— TASK ITEM —
Restate, word for word, the run of lines that starts at the line containing "Zrównoważony wzrost rynku" and ends with the final line of the listing. Leave pictures out.

— INFORMATION SUPPLIED —
-.-.-
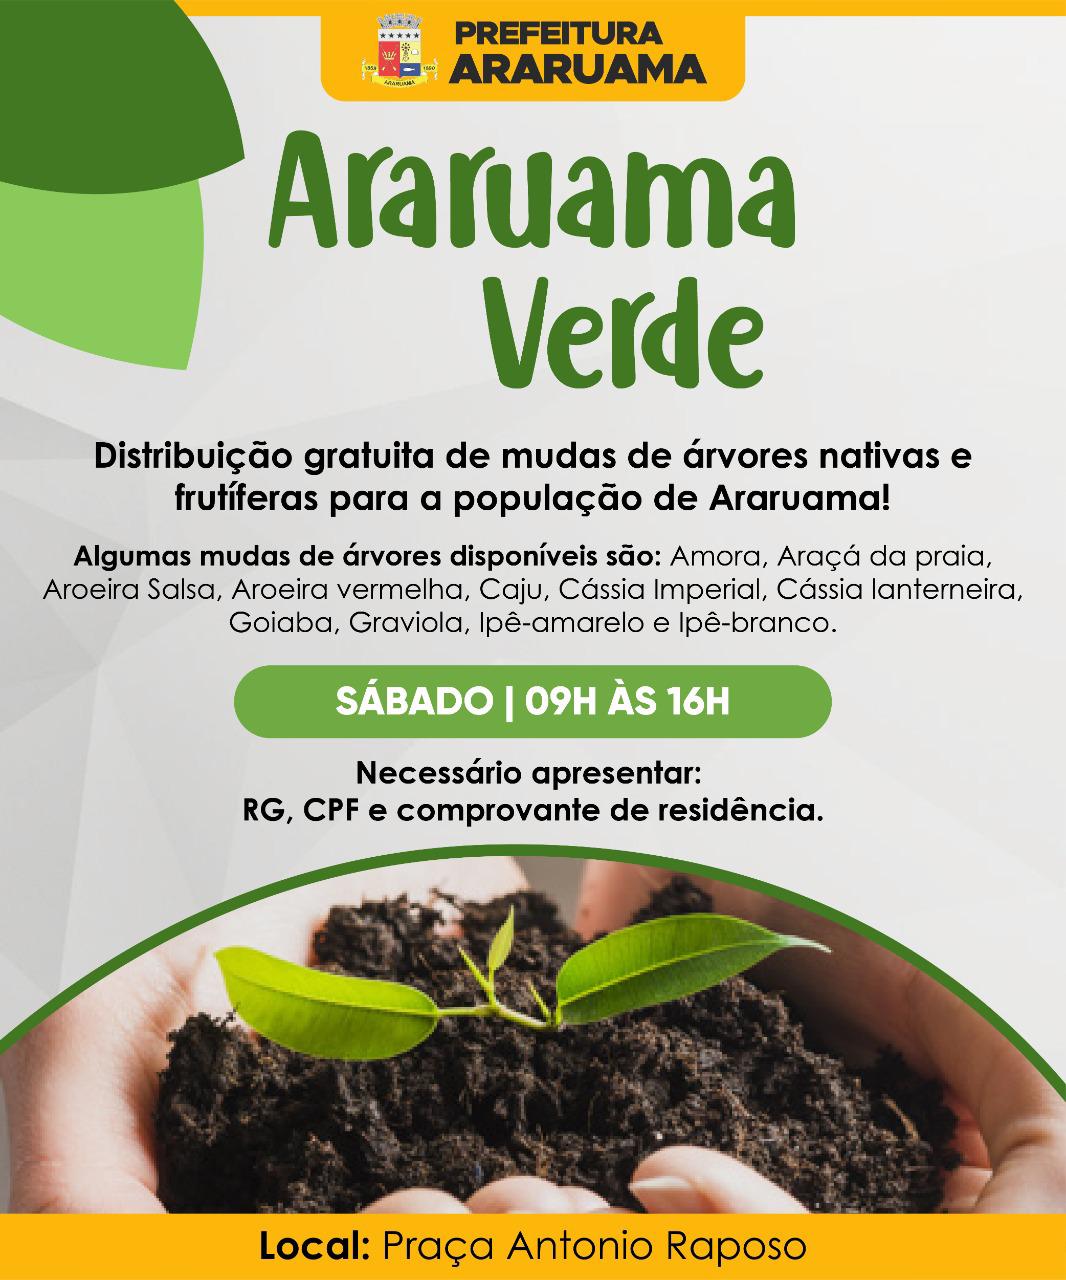 Prefeitura vai realizar a distribuição gratuita de mudas à população, com o projeto Araruama Verde
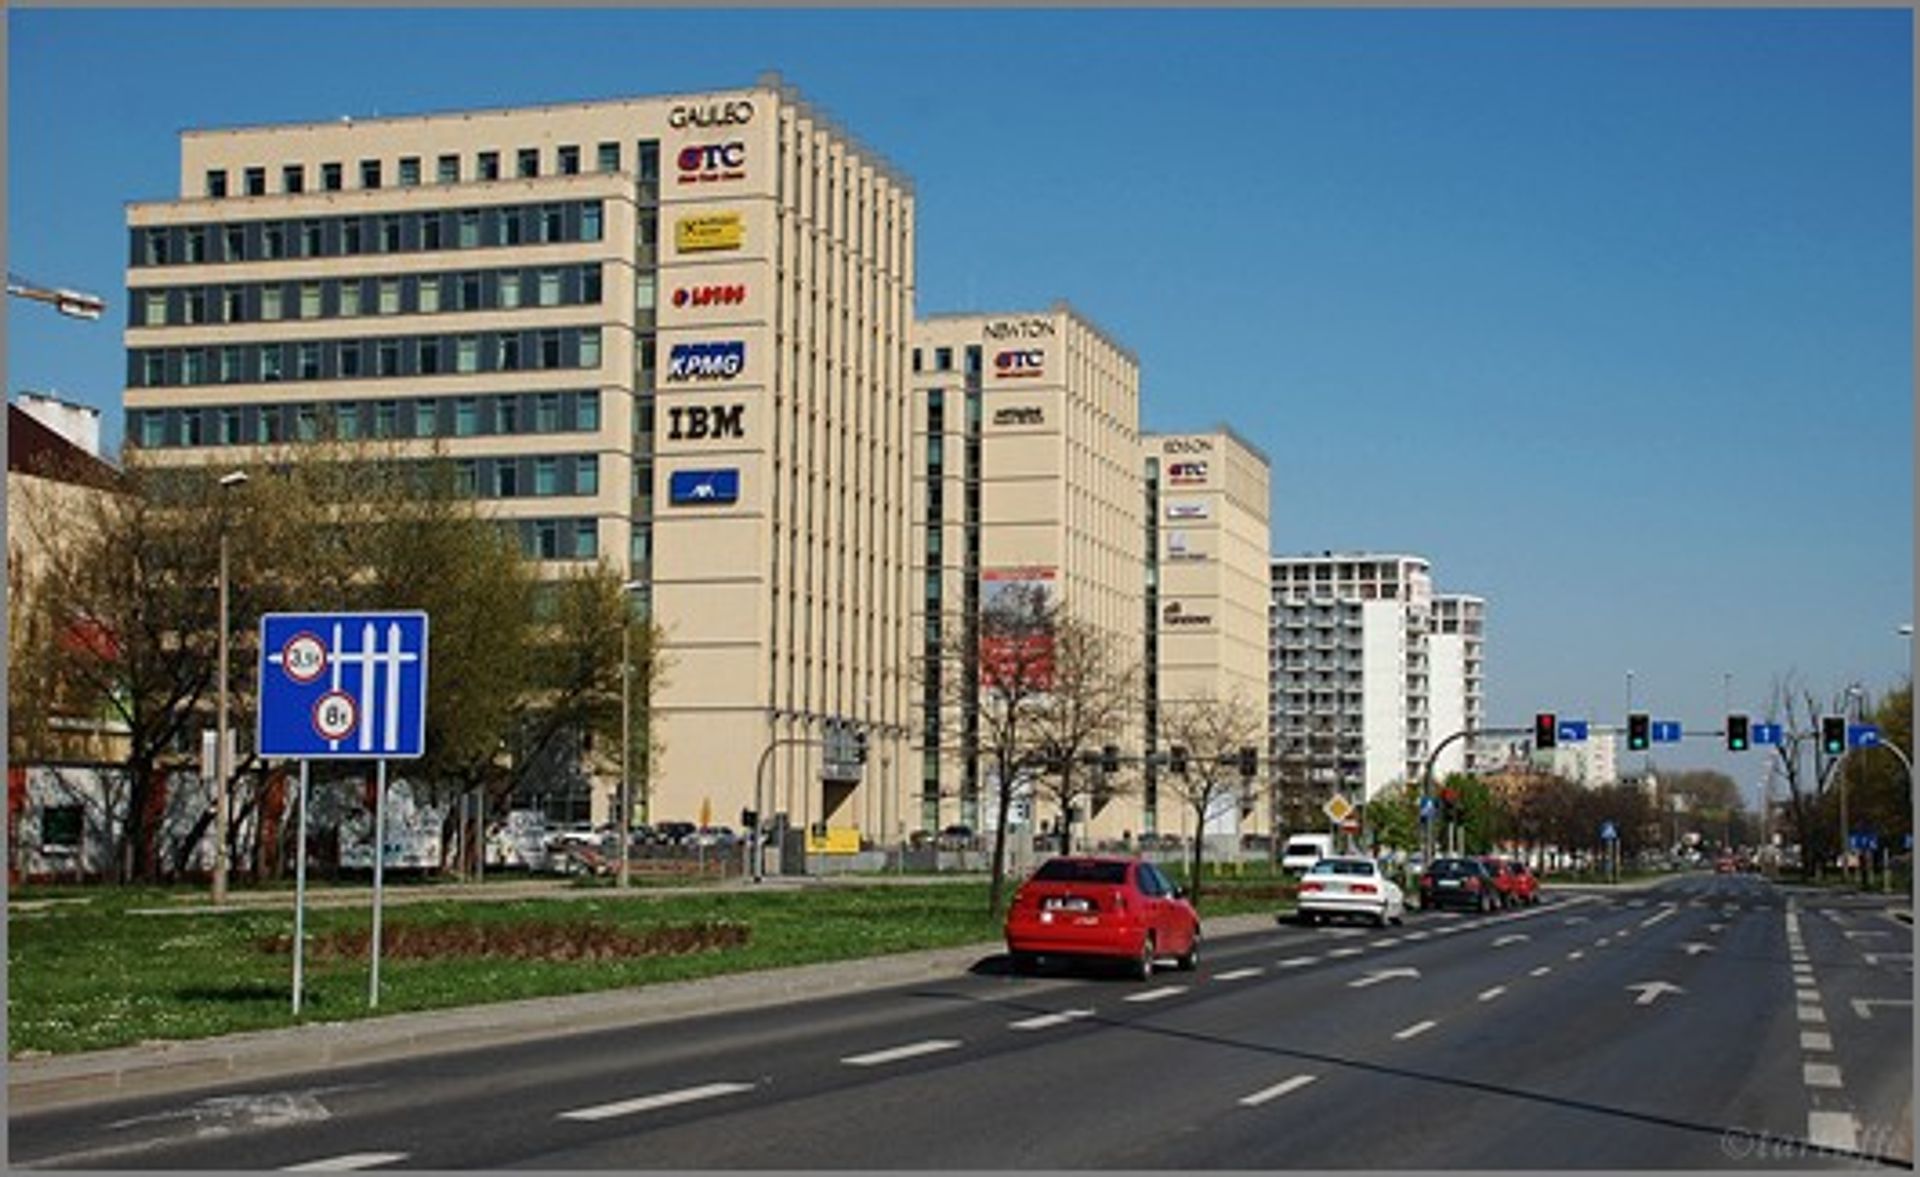  Zrównoważony wzrost rynku biurowego w Krakowie
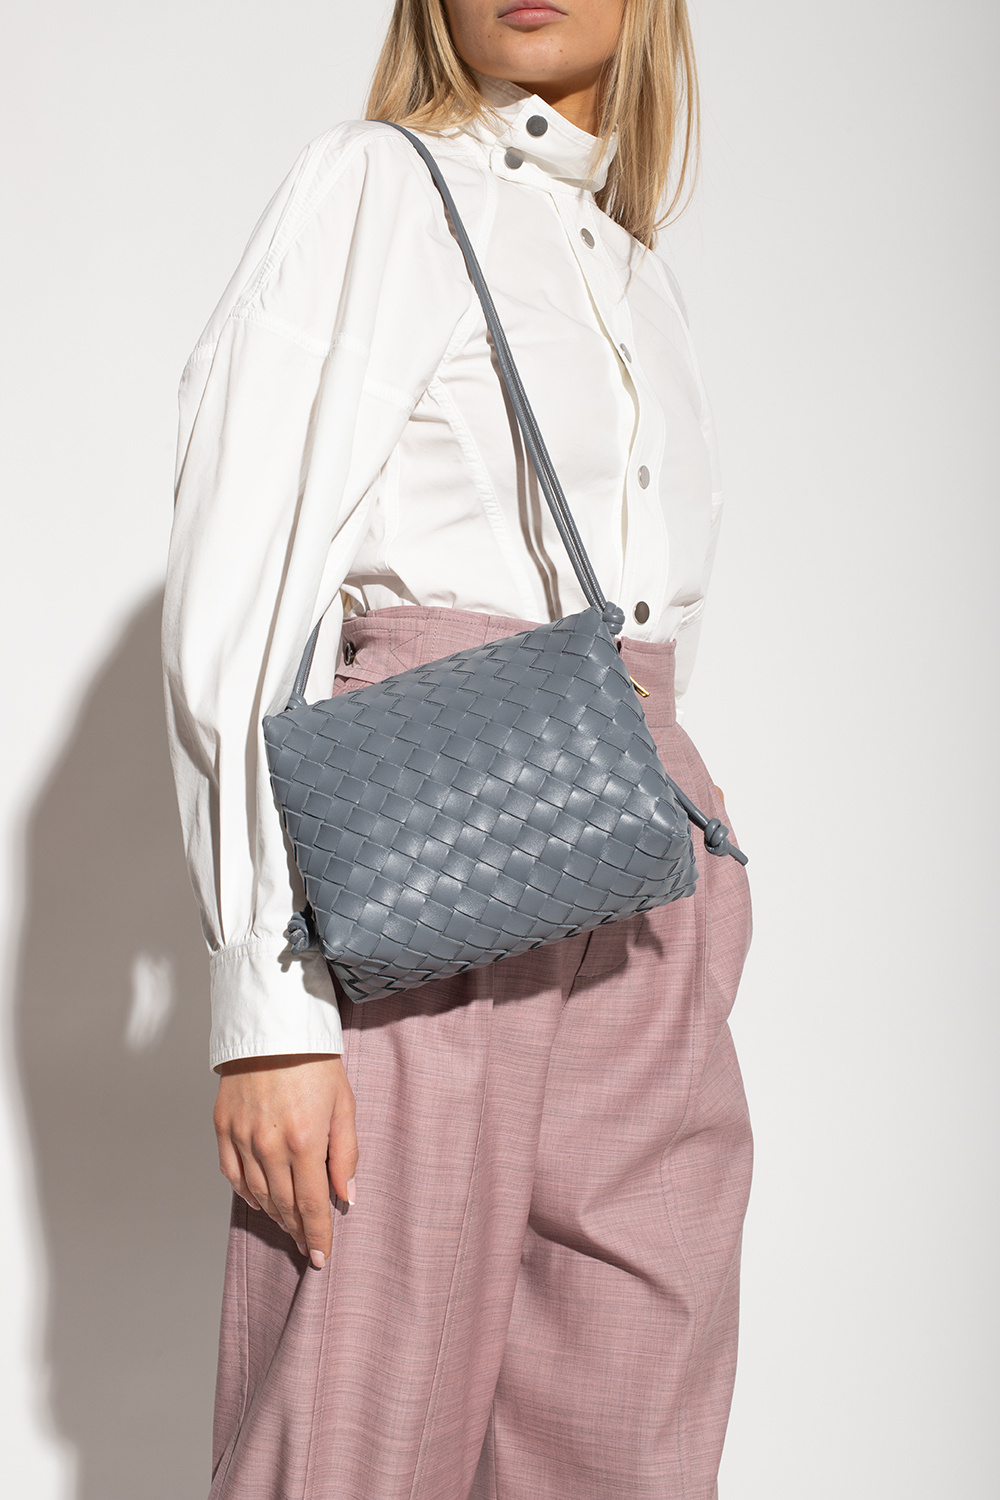 Bottega Veneta 'Loop Small' shoulder bag, Women's Bags
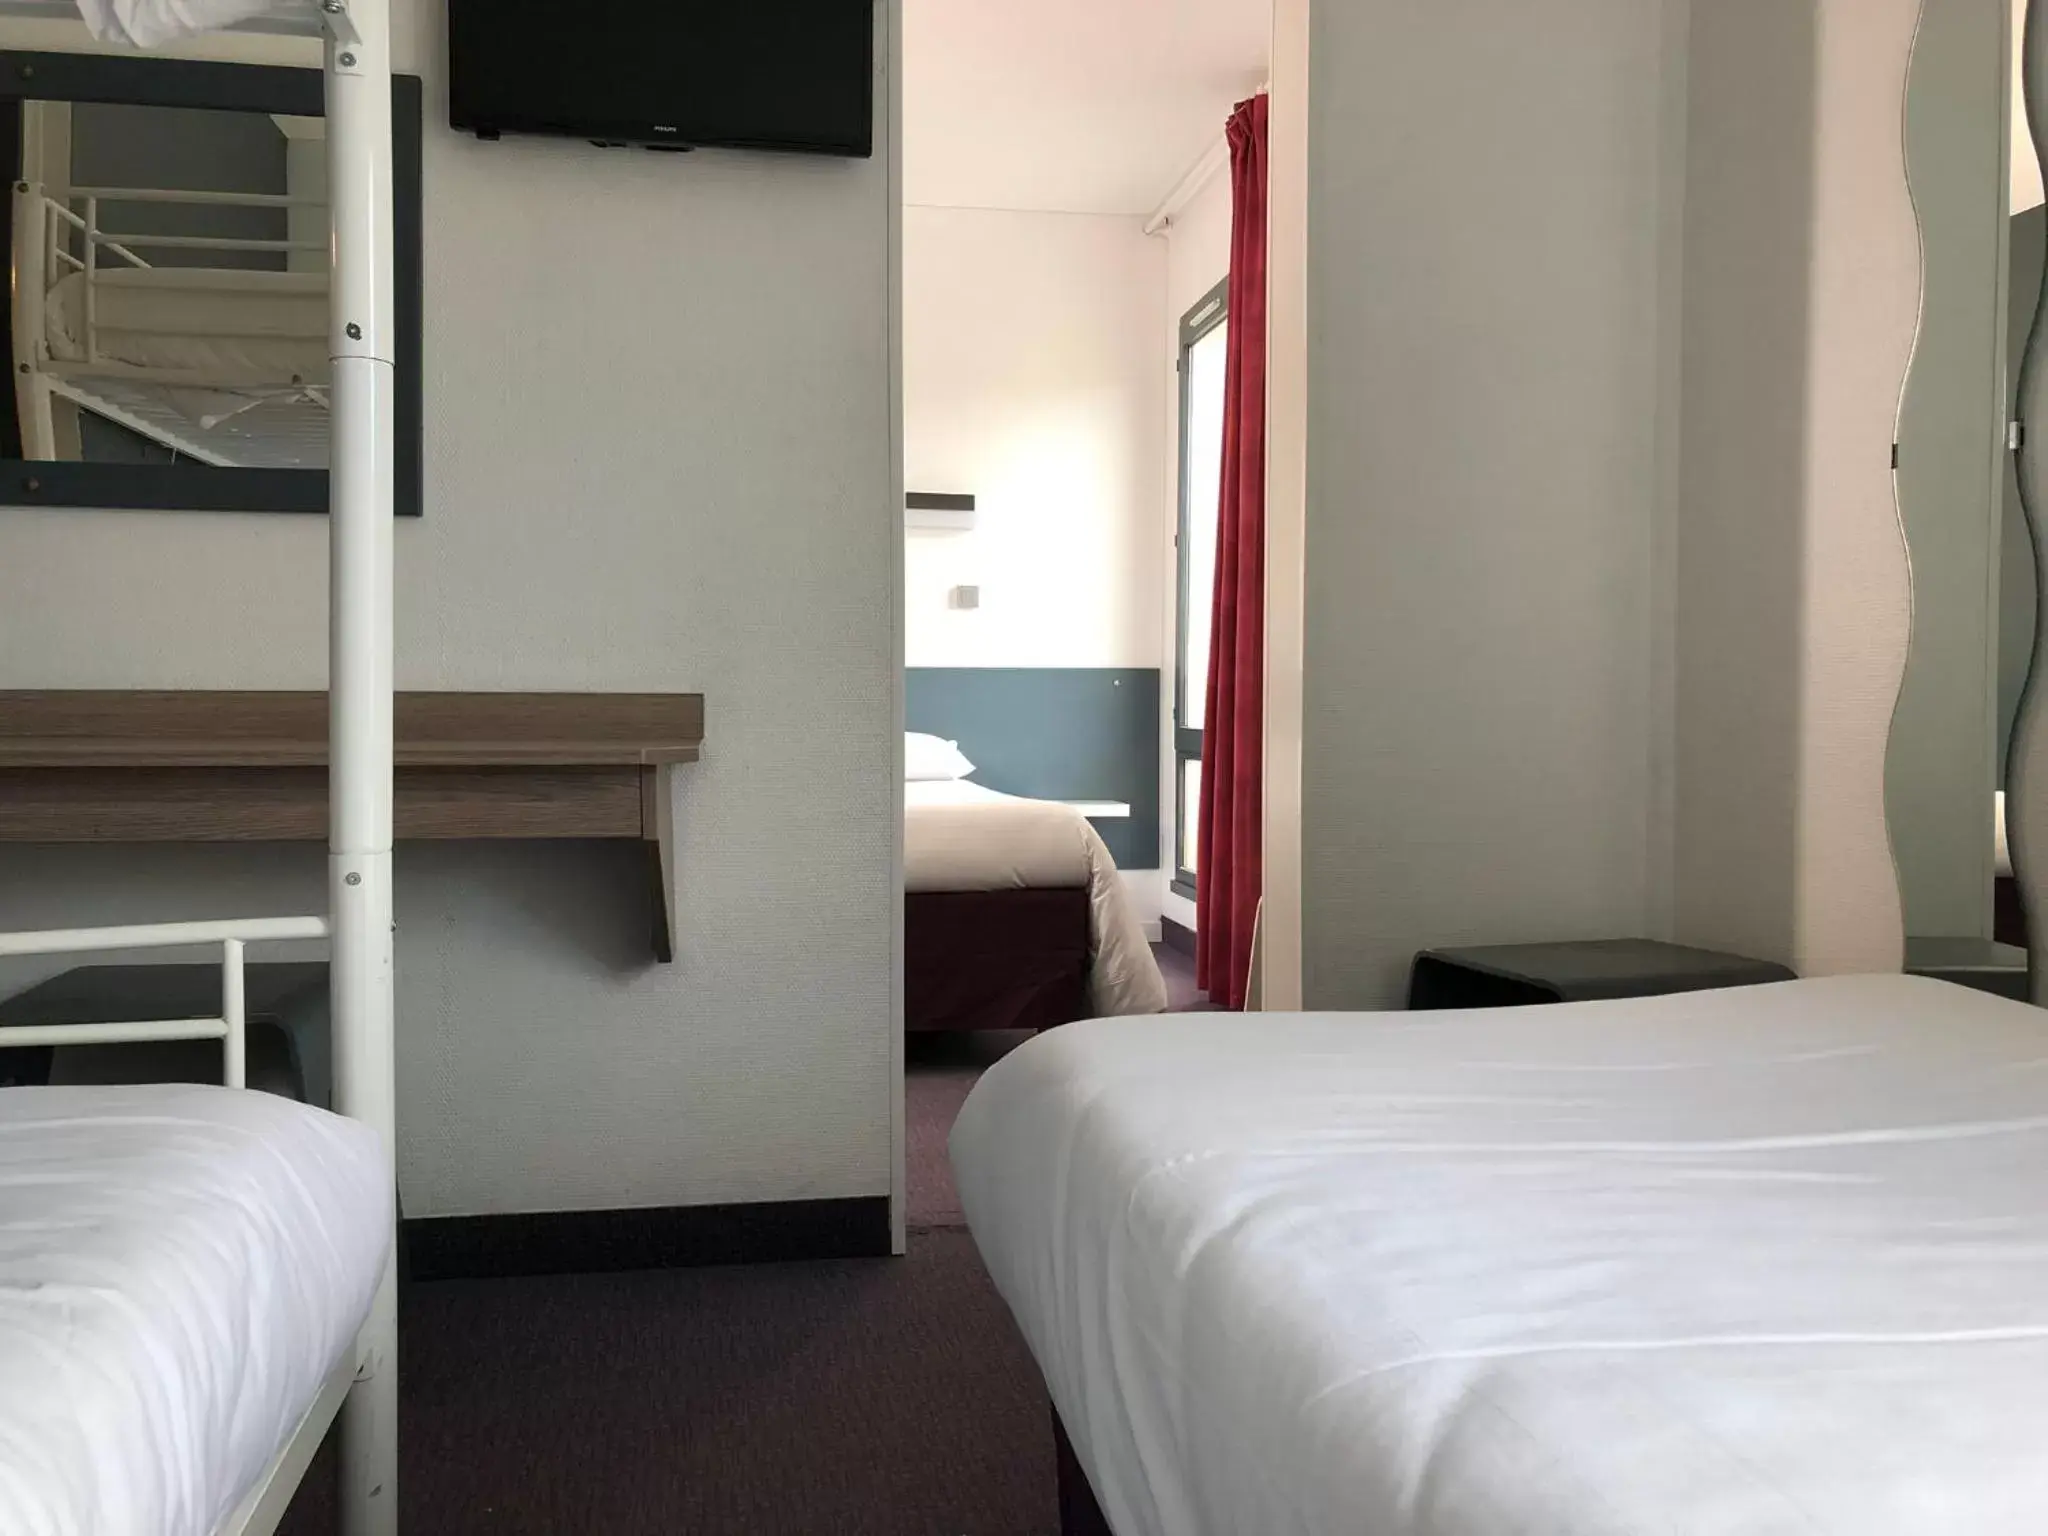 Bed in HALT HOTEL - Choisissez l'Hôtellerie Indépendante
-.-.-
— SOLUTION —
  Zrównoważony wzrost rynku biurowego w Krakowie
 Bottega Veneta 'Loop Small' shoulder bag, Women's Bags
 Bed in HALT HOTEL - Choisissez l'Hôtellerie Indépendante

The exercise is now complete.